Material supplied ->
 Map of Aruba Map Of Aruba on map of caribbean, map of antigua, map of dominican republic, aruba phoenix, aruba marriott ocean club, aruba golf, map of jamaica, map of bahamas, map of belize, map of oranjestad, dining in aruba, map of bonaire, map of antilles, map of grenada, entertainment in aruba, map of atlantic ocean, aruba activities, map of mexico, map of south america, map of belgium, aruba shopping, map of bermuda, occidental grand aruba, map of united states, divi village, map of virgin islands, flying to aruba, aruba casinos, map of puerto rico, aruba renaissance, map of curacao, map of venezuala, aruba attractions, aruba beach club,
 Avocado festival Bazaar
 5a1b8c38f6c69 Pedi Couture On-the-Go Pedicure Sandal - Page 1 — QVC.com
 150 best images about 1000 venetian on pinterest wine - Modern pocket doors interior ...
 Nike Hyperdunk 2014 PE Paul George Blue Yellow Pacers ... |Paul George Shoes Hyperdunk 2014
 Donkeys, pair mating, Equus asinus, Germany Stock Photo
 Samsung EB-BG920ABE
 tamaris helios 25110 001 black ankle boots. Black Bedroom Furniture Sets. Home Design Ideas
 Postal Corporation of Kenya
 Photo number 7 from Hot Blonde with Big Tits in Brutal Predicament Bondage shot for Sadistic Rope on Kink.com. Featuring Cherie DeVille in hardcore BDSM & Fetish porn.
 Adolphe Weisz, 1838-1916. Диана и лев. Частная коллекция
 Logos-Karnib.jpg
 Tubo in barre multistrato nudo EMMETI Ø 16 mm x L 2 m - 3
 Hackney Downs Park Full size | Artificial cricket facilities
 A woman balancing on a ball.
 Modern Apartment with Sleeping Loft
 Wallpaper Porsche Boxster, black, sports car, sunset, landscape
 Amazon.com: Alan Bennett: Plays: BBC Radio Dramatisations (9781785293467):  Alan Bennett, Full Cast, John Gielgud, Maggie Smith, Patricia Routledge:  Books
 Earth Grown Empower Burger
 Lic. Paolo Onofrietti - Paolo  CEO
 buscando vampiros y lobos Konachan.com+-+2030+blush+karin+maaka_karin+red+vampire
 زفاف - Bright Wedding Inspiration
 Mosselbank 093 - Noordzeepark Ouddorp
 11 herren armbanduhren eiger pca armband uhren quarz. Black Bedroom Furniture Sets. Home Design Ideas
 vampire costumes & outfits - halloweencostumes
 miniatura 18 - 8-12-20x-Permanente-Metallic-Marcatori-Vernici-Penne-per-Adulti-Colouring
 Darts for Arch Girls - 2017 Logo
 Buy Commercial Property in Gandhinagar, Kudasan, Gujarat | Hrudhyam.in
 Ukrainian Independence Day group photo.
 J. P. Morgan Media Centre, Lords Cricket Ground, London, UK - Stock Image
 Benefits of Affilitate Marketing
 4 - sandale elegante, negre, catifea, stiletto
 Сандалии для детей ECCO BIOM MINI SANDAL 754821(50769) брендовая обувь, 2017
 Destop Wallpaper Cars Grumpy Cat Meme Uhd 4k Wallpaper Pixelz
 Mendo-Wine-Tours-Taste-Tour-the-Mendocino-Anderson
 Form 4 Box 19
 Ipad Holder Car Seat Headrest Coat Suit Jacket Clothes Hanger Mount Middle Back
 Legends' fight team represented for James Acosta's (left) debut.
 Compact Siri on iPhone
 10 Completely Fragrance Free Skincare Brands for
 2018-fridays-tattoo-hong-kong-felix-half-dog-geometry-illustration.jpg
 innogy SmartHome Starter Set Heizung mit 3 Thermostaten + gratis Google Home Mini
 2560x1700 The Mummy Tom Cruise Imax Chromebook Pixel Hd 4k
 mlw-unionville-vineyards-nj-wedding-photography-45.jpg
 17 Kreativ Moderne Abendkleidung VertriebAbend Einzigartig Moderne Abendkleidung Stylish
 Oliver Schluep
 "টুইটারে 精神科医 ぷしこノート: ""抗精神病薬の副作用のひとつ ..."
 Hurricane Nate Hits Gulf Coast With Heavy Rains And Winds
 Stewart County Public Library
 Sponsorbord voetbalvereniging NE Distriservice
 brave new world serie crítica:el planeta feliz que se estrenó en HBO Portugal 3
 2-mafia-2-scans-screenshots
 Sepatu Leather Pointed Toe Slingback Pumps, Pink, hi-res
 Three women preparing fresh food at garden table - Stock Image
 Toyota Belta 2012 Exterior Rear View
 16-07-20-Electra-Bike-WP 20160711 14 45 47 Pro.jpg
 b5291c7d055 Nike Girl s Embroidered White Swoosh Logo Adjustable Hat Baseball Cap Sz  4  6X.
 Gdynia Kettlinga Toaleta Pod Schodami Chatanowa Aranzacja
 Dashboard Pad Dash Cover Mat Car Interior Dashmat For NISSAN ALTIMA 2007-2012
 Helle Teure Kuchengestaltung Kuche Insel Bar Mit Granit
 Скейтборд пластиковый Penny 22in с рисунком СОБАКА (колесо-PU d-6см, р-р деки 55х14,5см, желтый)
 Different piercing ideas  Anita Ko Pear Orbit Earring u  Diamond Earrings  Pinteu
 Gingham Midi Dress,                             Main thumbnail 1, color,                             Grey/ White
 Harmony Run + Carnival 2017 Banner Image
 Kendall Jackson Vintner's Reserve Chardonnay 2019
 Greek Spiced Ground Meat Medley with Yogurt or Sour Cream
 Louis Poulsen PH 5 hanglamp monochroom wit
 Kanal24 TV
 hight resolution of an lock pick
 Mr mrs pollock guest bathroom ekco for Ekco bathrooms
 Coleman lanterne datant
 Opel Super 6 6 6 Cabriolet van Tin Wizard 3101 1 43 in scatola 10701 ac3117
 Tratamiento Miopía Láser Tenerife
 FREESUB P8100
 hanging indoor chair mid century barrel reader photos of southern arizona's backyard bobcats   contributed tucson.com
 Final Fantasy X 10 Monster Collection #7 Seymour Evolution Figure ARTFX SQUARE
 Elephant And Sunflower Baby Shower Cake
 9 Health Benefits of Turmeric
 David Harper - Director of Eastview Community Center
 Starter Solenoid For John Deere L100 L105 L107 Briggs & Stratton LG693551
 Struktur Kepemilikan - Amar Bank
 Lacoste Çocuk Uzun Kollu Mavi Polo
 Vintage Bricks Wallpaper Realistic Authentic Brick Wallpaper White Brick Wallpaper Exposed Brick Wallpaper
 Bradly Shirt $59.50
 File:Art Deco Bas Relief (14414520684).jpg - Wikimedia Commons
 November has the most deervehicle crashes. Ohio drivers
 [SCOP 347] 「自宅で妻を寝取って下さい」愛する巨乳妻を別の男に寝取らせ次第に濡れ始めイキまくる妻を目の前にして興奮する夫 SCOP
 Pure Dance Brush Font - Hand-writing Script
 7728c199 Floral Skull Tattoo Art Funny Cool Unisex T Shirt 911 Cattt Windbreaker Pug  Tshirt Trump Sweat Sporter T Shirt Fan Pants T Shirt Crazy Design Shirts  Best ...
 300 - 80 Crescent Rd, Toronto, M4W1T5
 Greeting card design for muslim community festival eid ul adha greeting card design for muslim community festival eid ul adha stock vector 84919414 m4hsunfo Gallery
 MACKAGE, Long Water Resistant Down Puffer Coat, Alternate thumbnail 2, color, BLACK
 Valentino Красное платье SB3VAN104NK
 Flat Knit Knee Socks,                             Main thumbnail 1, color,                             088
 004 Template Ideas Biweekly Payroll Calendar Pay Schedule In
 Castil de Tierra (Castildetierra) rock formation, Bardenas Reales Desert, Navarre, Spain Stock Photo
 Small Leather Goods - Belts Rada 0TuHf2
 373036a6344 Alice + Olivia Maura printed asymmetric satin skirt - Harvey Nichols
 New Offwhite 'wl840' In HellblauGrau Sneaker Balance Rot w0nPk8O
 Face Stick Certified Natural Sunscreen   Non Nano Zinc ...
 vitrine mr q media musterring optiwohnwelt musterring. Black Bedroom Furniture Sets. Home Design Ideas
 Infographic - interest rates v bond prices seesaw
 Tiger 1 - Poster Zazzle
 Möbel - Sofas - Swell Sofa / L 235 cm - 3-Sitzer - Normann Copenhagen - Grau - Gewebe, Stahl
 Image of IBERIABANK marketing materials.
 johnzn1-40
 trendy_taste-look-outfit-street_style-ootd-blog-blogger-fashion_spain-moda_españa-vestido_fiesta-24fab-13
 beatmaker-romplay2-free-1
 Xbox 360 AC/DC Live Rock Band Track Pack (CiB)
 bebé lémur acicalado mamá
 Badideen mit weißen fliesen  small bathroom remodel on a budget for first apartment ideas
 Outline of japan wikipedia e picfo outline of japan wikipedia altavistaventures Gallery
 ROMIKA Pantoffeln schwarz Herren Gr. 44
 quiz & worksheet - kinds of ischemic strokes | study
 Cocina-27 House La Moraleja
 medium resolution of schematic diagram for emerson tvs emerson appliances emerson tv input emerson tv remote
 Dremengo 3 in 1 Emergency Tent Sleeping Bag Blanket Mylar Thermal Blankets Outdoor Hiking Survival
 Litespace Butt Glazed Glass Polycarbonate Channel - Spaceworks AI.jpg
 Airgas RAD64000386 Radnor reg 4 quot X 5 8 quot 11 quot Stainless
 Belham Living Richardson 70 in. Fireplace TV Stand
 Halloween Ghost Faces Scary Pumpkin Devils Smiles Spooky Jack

Exercise ->
Look over the material above and report how many of its lines have the string "Gallery" in them, nothing more.

Reply to the exercise ->
2